The high temperatures that have been recorded in recent days can be deadly, especially for the elderly, pregnant women, and those who work outdoors.
And it is that in recent days Miami, one of the most important beach destinations in the US, has registered temperatures above 30 ° C, and that will continue to be the case for at least next week, according to the Meteored website. However, high percentages of rain are also forecast between today and tomorrow.
In this sense, with the "Heat Season Campaign," the first heating plan will be created under a new working group to better inform and prepare citizens for high temperatures.
Levine Cava said the plan would include the installation of shade structures at bus stops, centralized cooling centers, cool pavements, and the expansion of long-standing and successful programs already in place in the county, such as the Adopt a Tree program. By planting more trees. which will create an "urban canopy."
The initiative will be included in the county's wider Resilient 305 initiative and will be supported by a number of nonprofits, including the Adrian Erst-Rockefeller Foundation Flexibility Center and the Miami Foundation.
They will facilitate vaccination against COVID-19.

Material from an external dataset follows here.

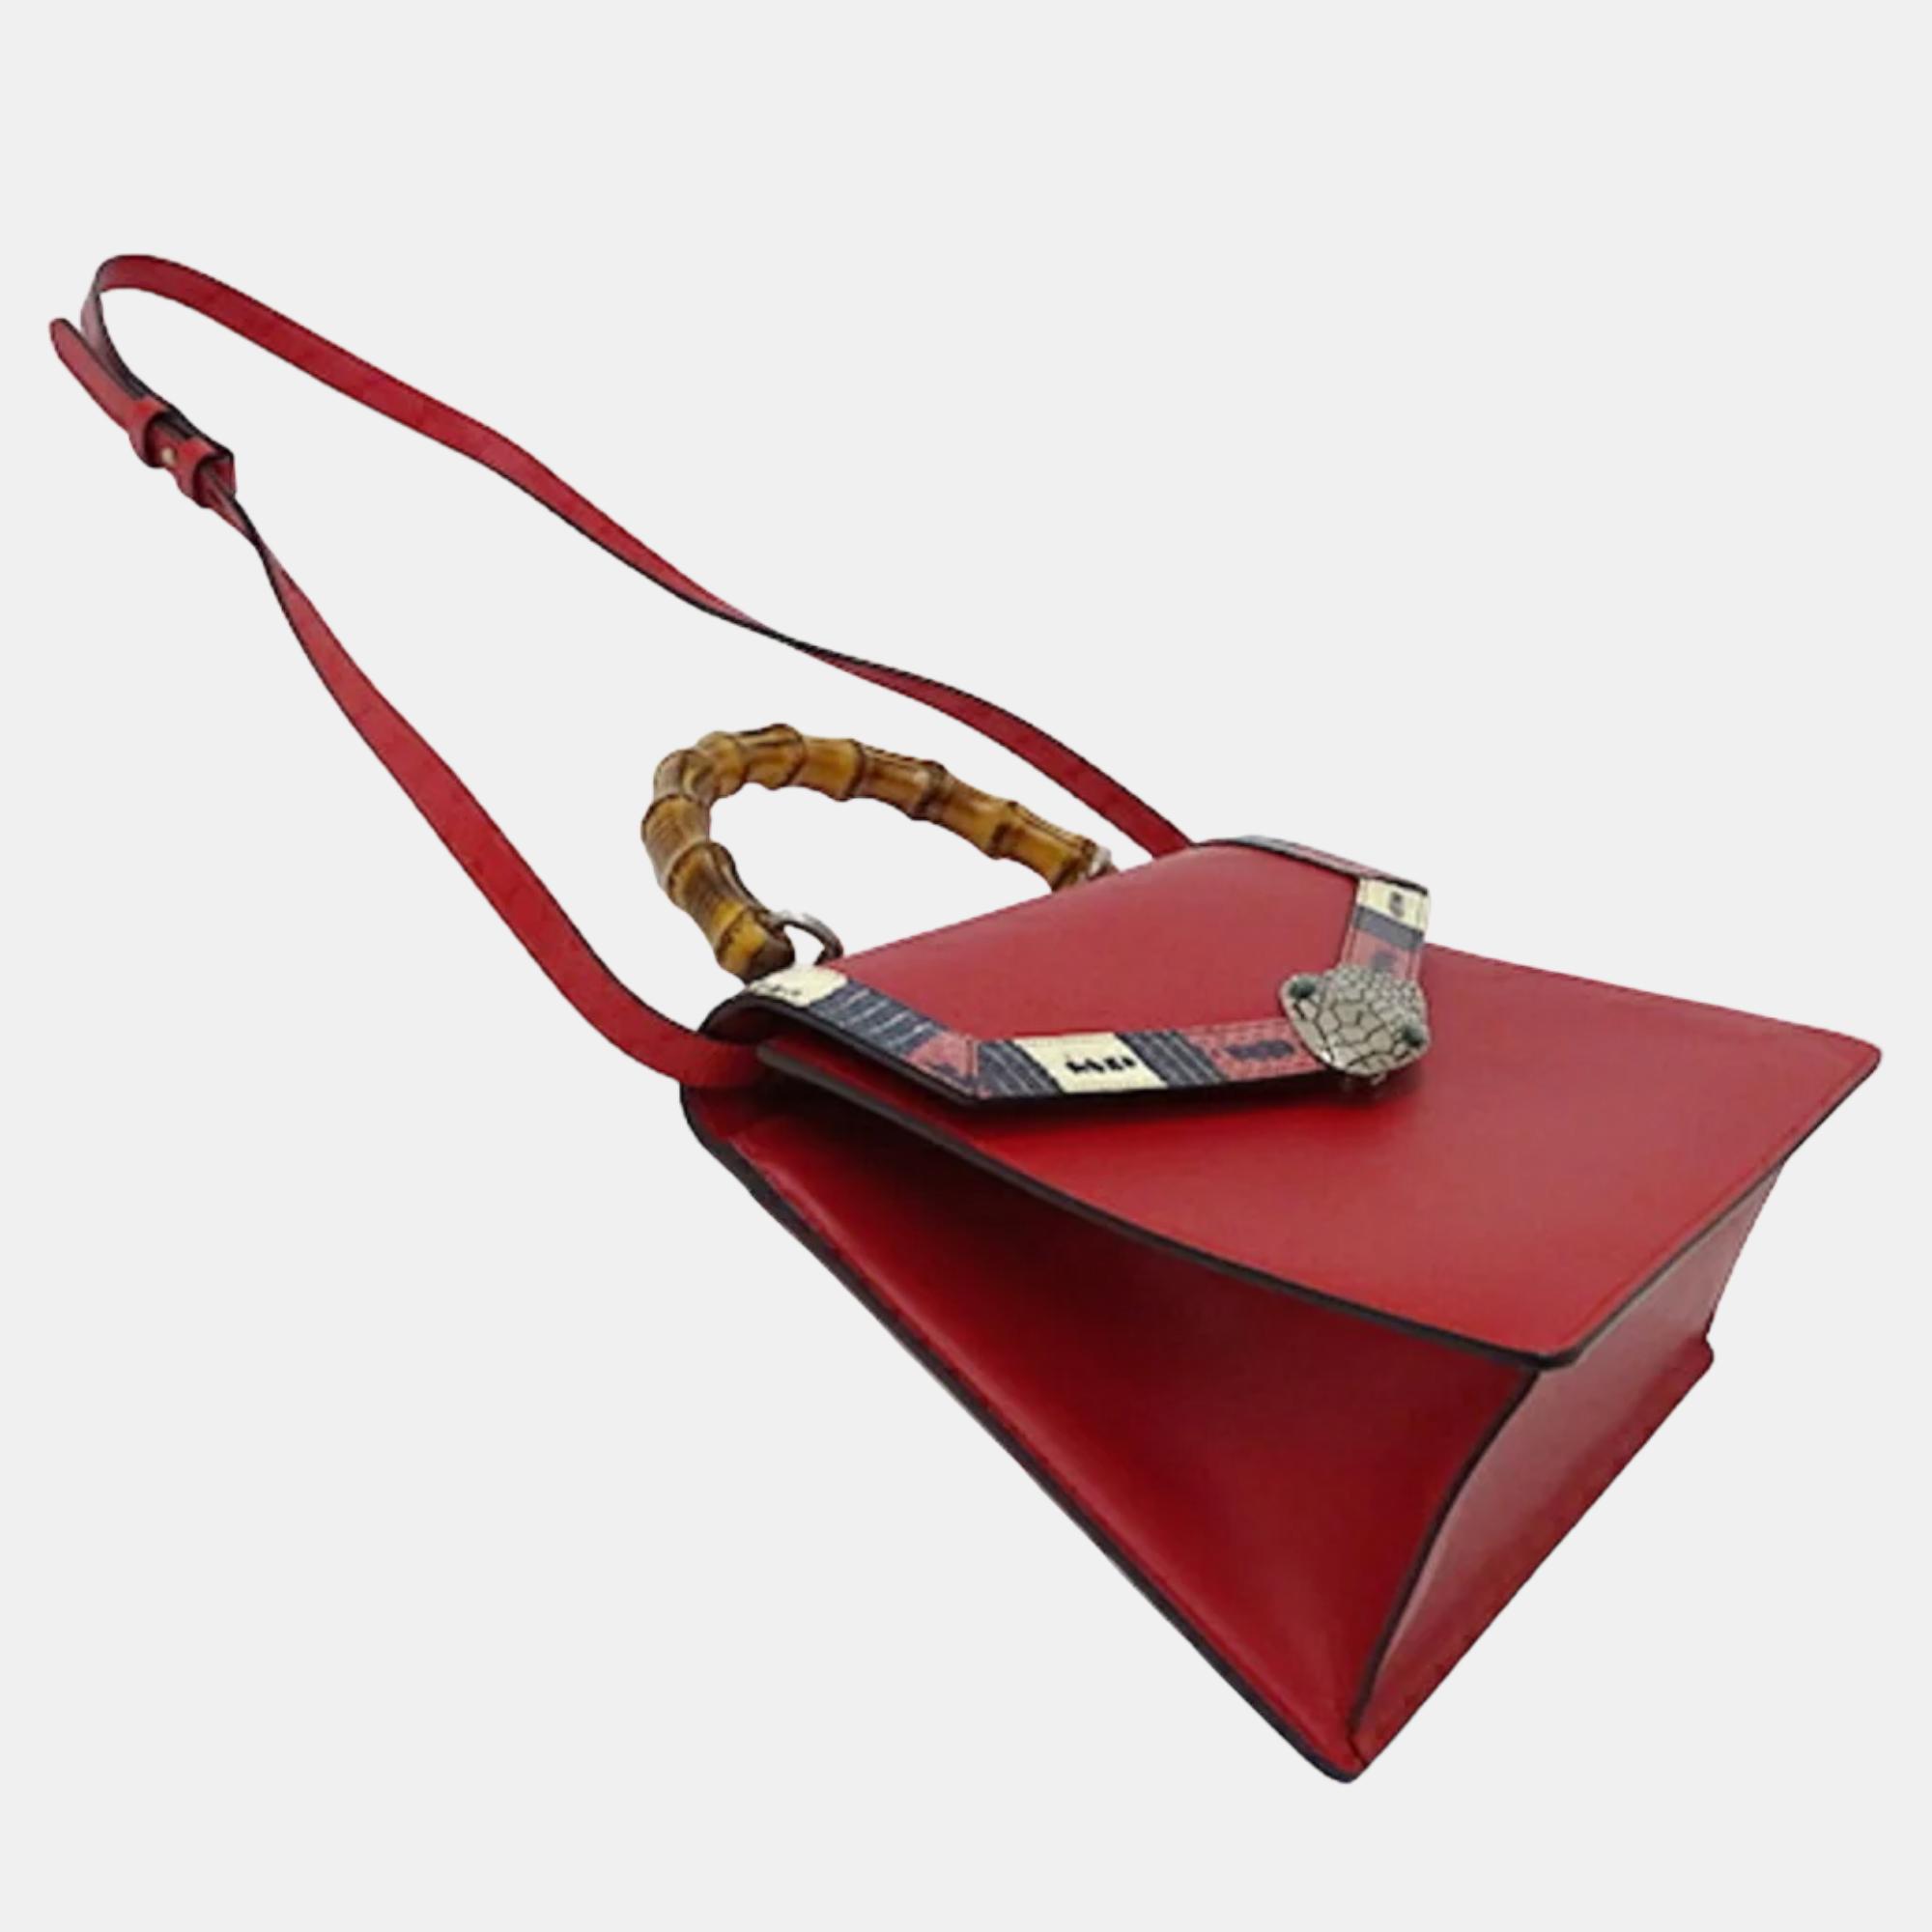 Gucci Red Leather Medium Snakeskin-Trimmed Lilith Top Handle Bag

On the other hand, the Florida Department of Health announced that as of this April 30, no requirement would be requested in the vaccination centers against the coronavirus ( COVID-19 ) for anyone who wants to be immunized.
This means that all those over 16 years of age will be able to receive the dose without proof of residence, which opens the way for undocumented people and, in addition, facilitates "vaccine tourism" in this state.
This change, of course, was celebrated by Levine Cava through his Twitter account: "It is a victory for all of us who call our community home," he wrote.
It should be remembered that last January, in response to the arrival of tourists eager to be immunized when vaccines against COVID-19 were still scarce. The media reported that several wealthy Latin Americans had been creatively circumventing the residency requirement. Airbnb, for example, they did so by showing bank accounts or temporary rental agreements with addresses in the United States, which were later canceled.
In this regard, Florida imposed the residency test as a requirement to receive the injection. But the measure affected undocumented workers, who often do not have a driver's license, contracts, or bills in their name, so lawmakers and activists had been calling on Governor Ron DeSantis to remove this hurdle.
Now that more than six million people have been vaccinated in Florida and the demand is much lower, the Department of Health has reversed its decision.